*** Block opens ***
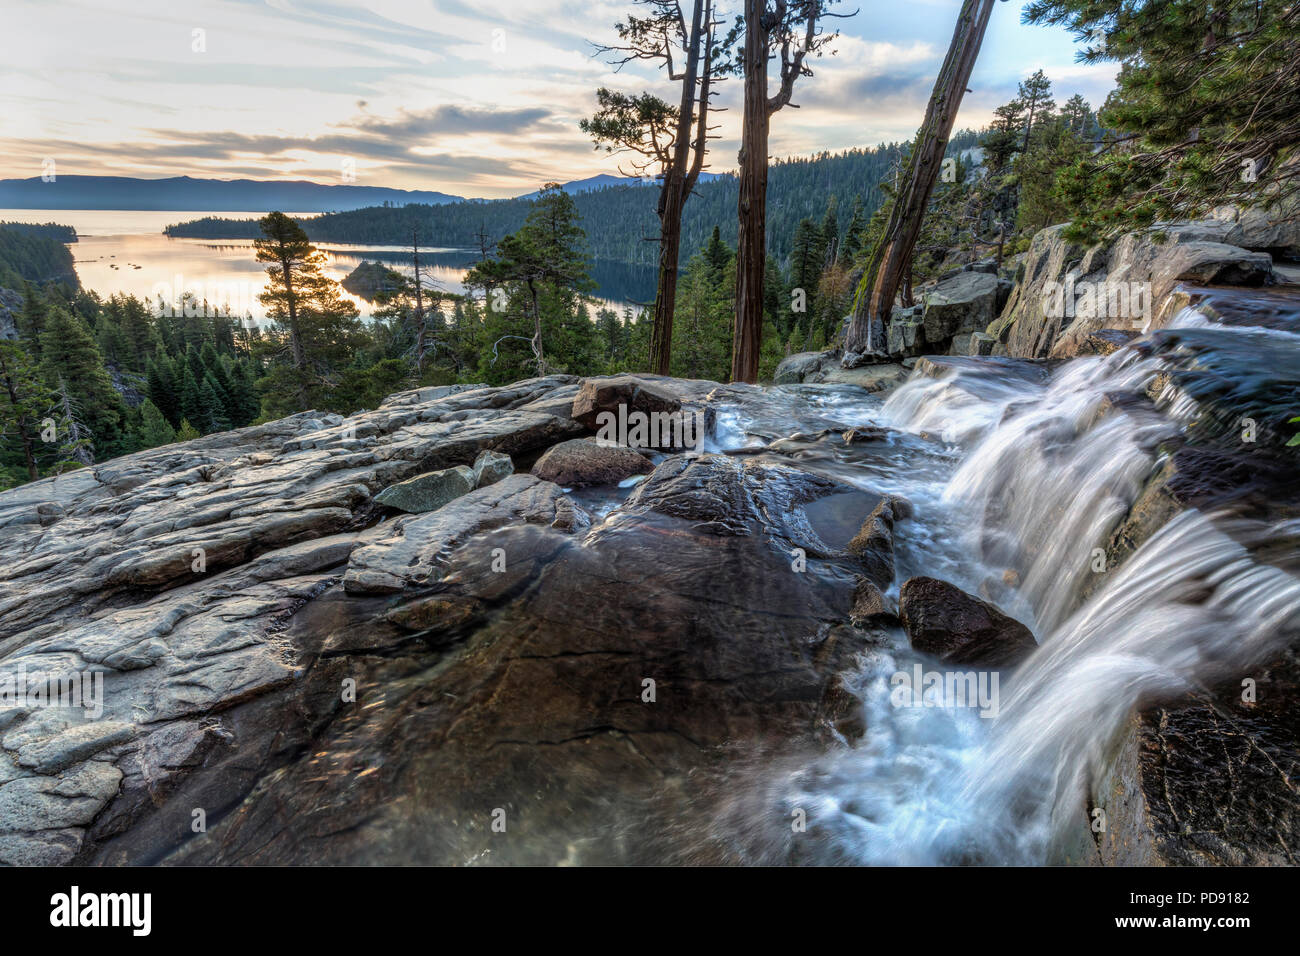 Colorful sunrise on Emerald Bay from the top of Eagle Falls off Lake Tahoe in California. Stock Photo
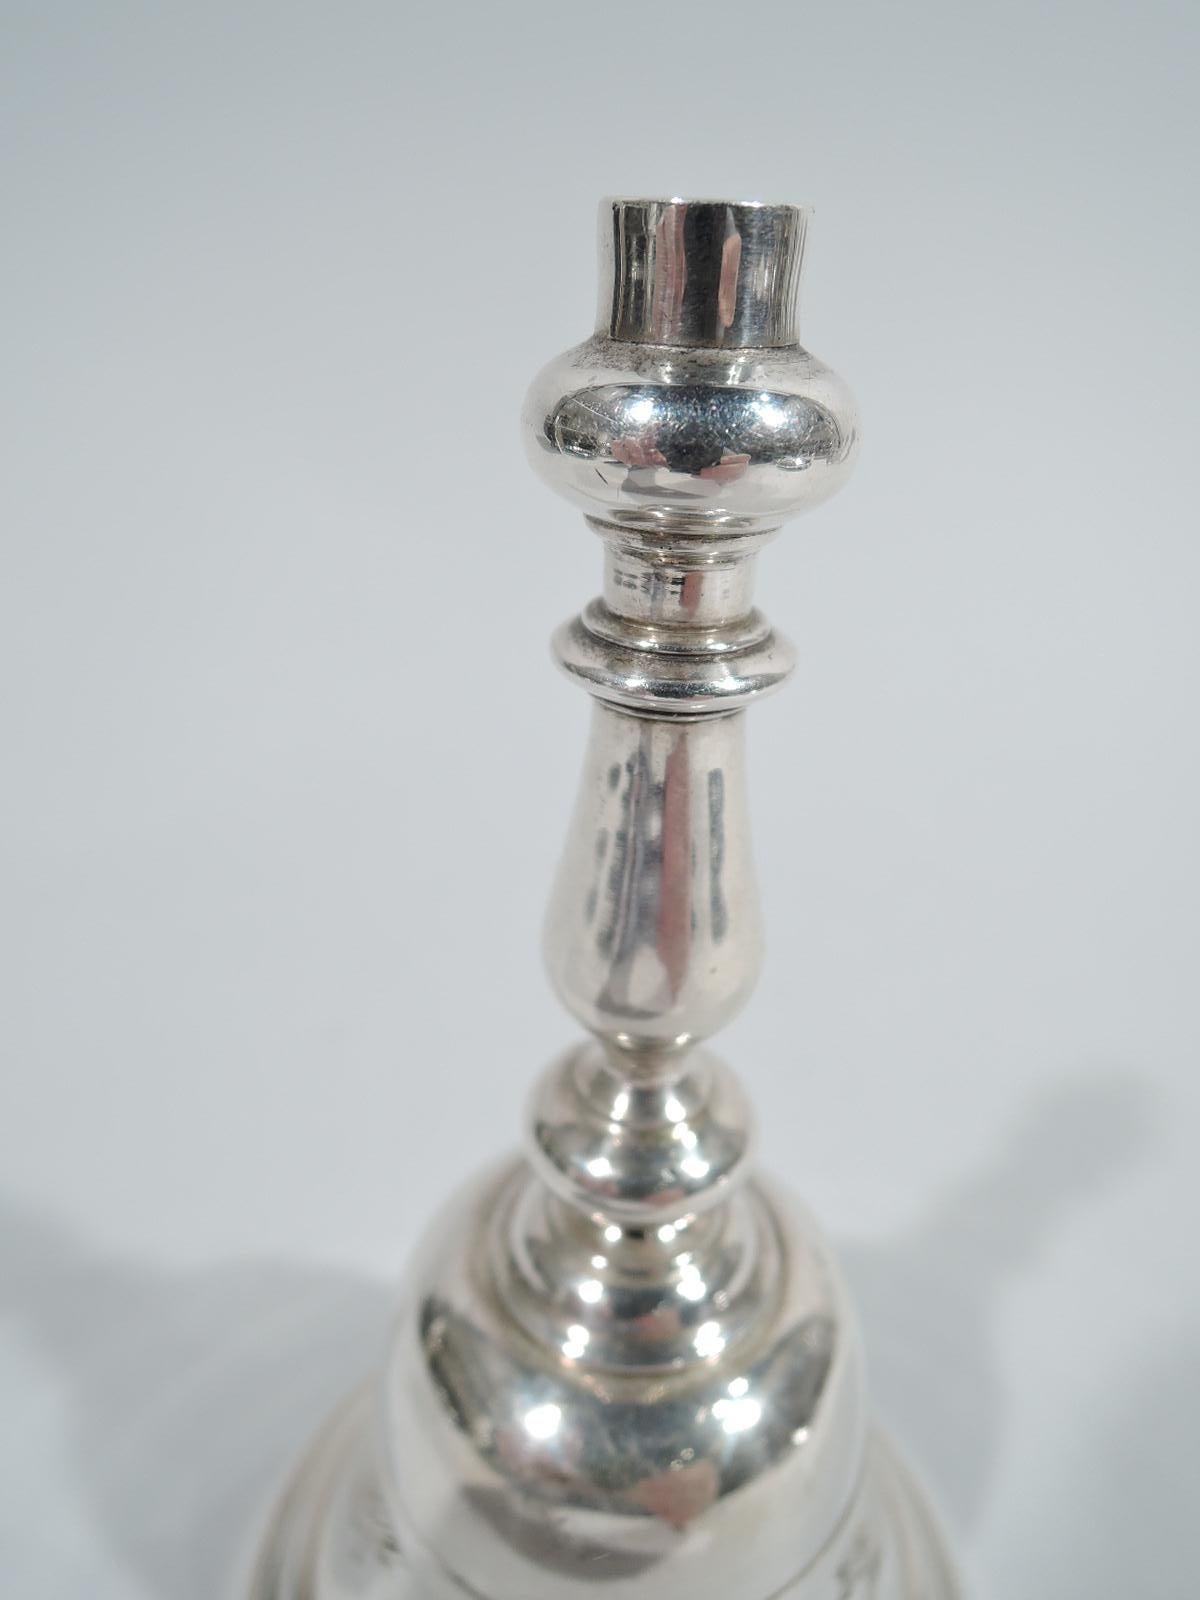 George V sterling silver bell. Made by Charles & Richard Comyns in London in 1925. Stepped and spread bowl and knopped baluster handle. Melodious ting-a-ling. Fully marked. Heavy weight: 12 troy ounces.
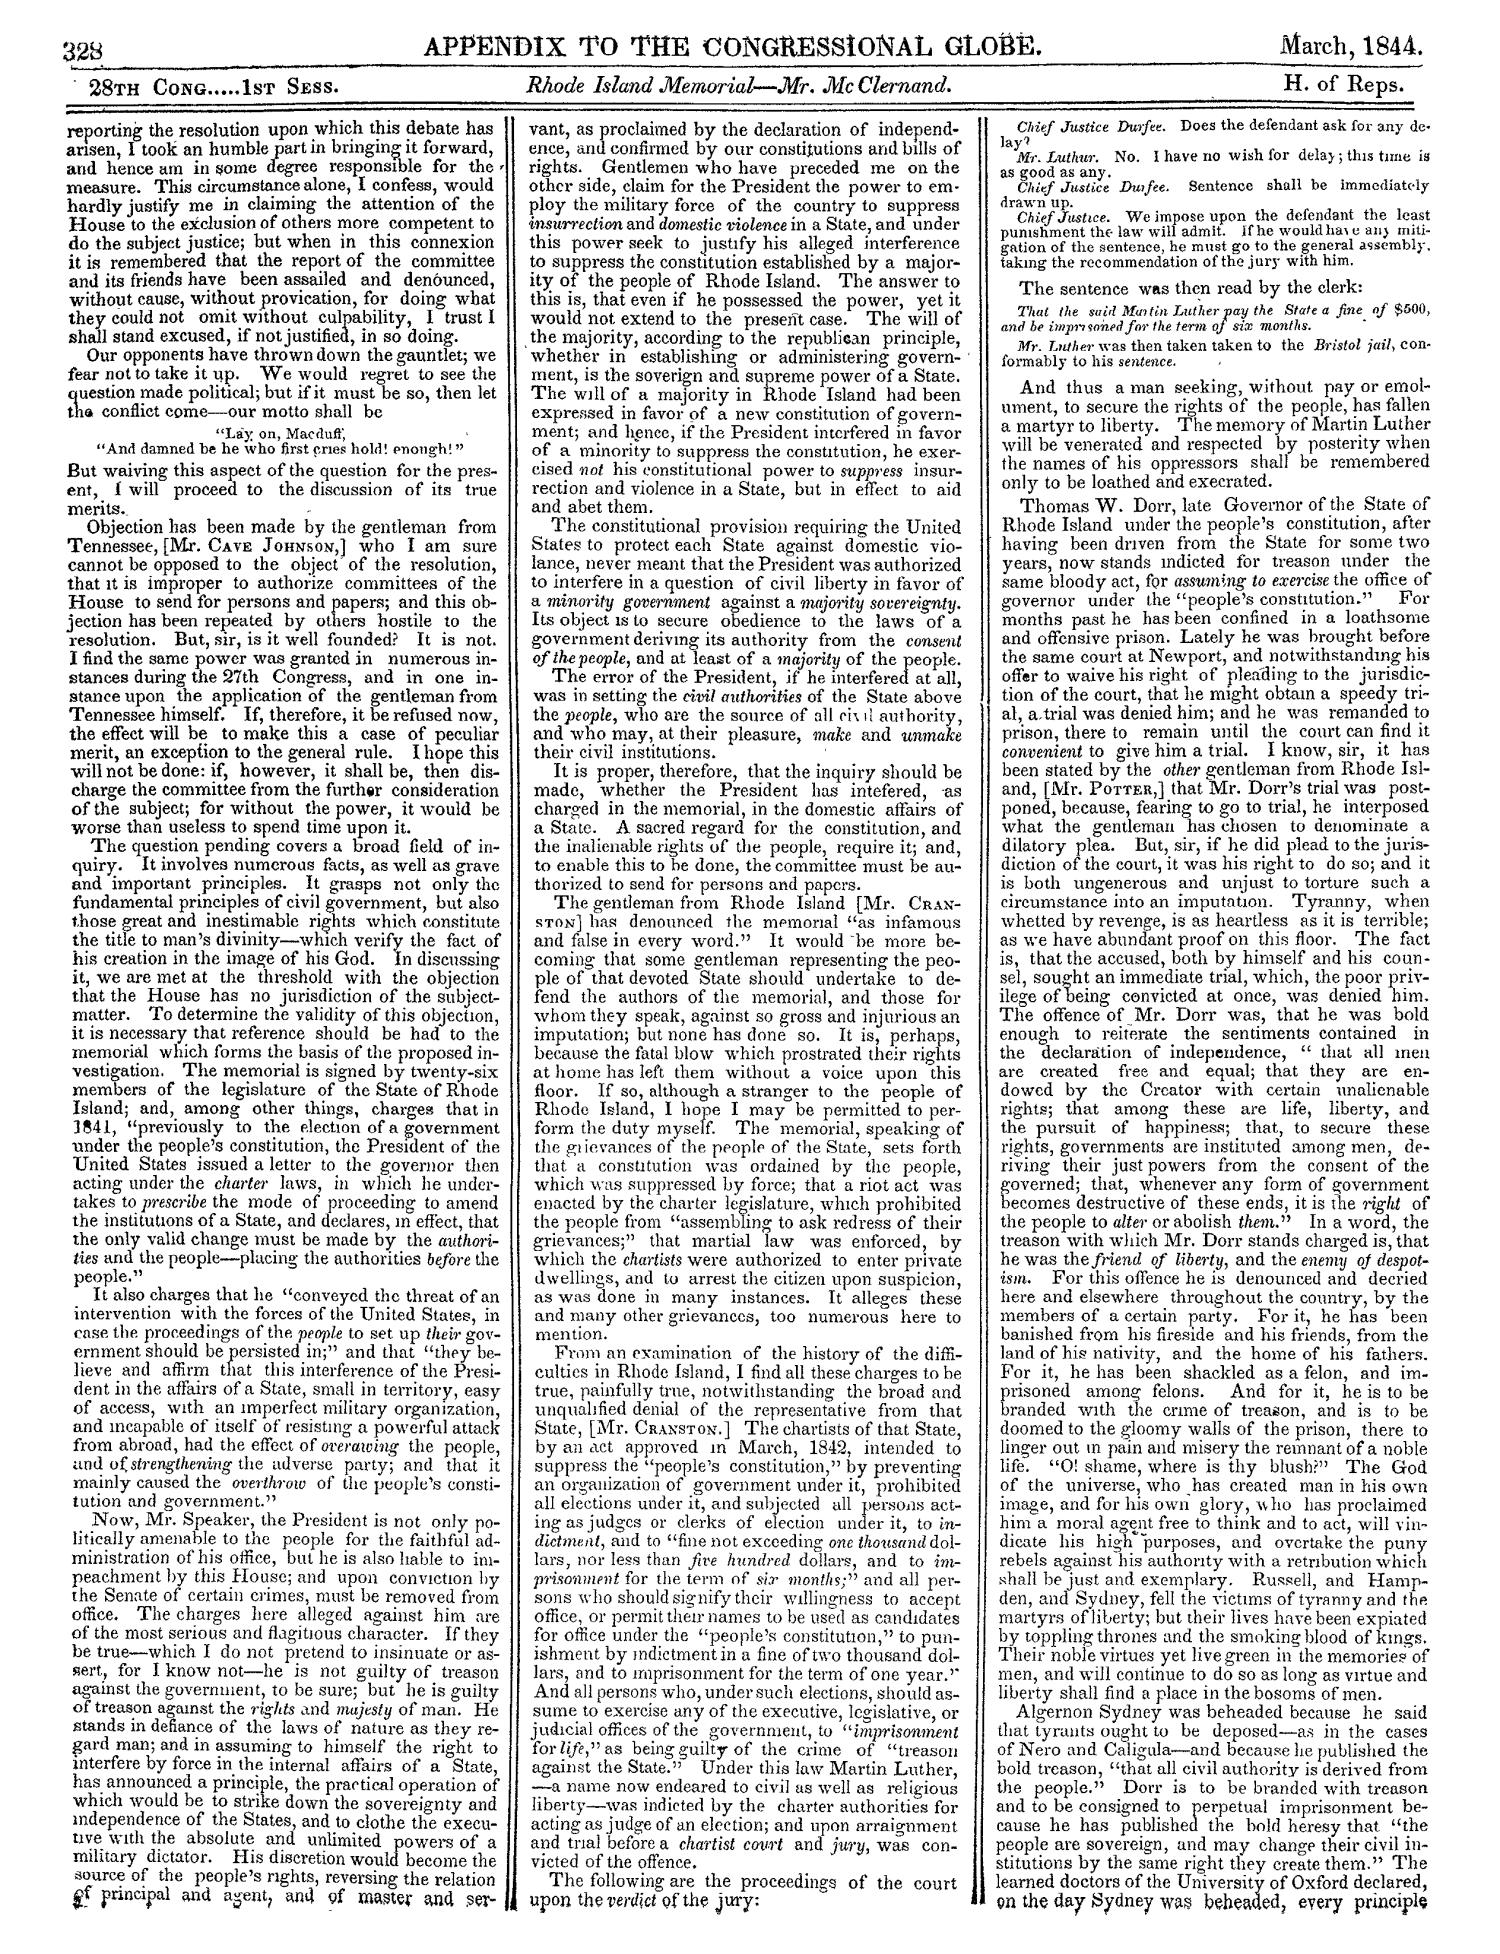 The Congressional Globe, Volume 13, Part 2: Twenty-Eighth Congress, First Session
                                                
                                                    328
*** Block closes ***
Task prompt:
Copy back, word for word, every line between the top of the material above and the line that contains "George V sterling", both included, without any pictures.

Answer to this problem:
 Colorful sunrise on Emerald Bay from the top of Eagle Falls off Lake Tahoe in California. Stock Photo
 George V sterling silver bell. Made by Charles & Richard Comyns in London in 1925. Stepped and spread bowl and knopped baluster handle. Melodious ting-a-ling. Fully marked. Heavy weight: 12 troy ounces.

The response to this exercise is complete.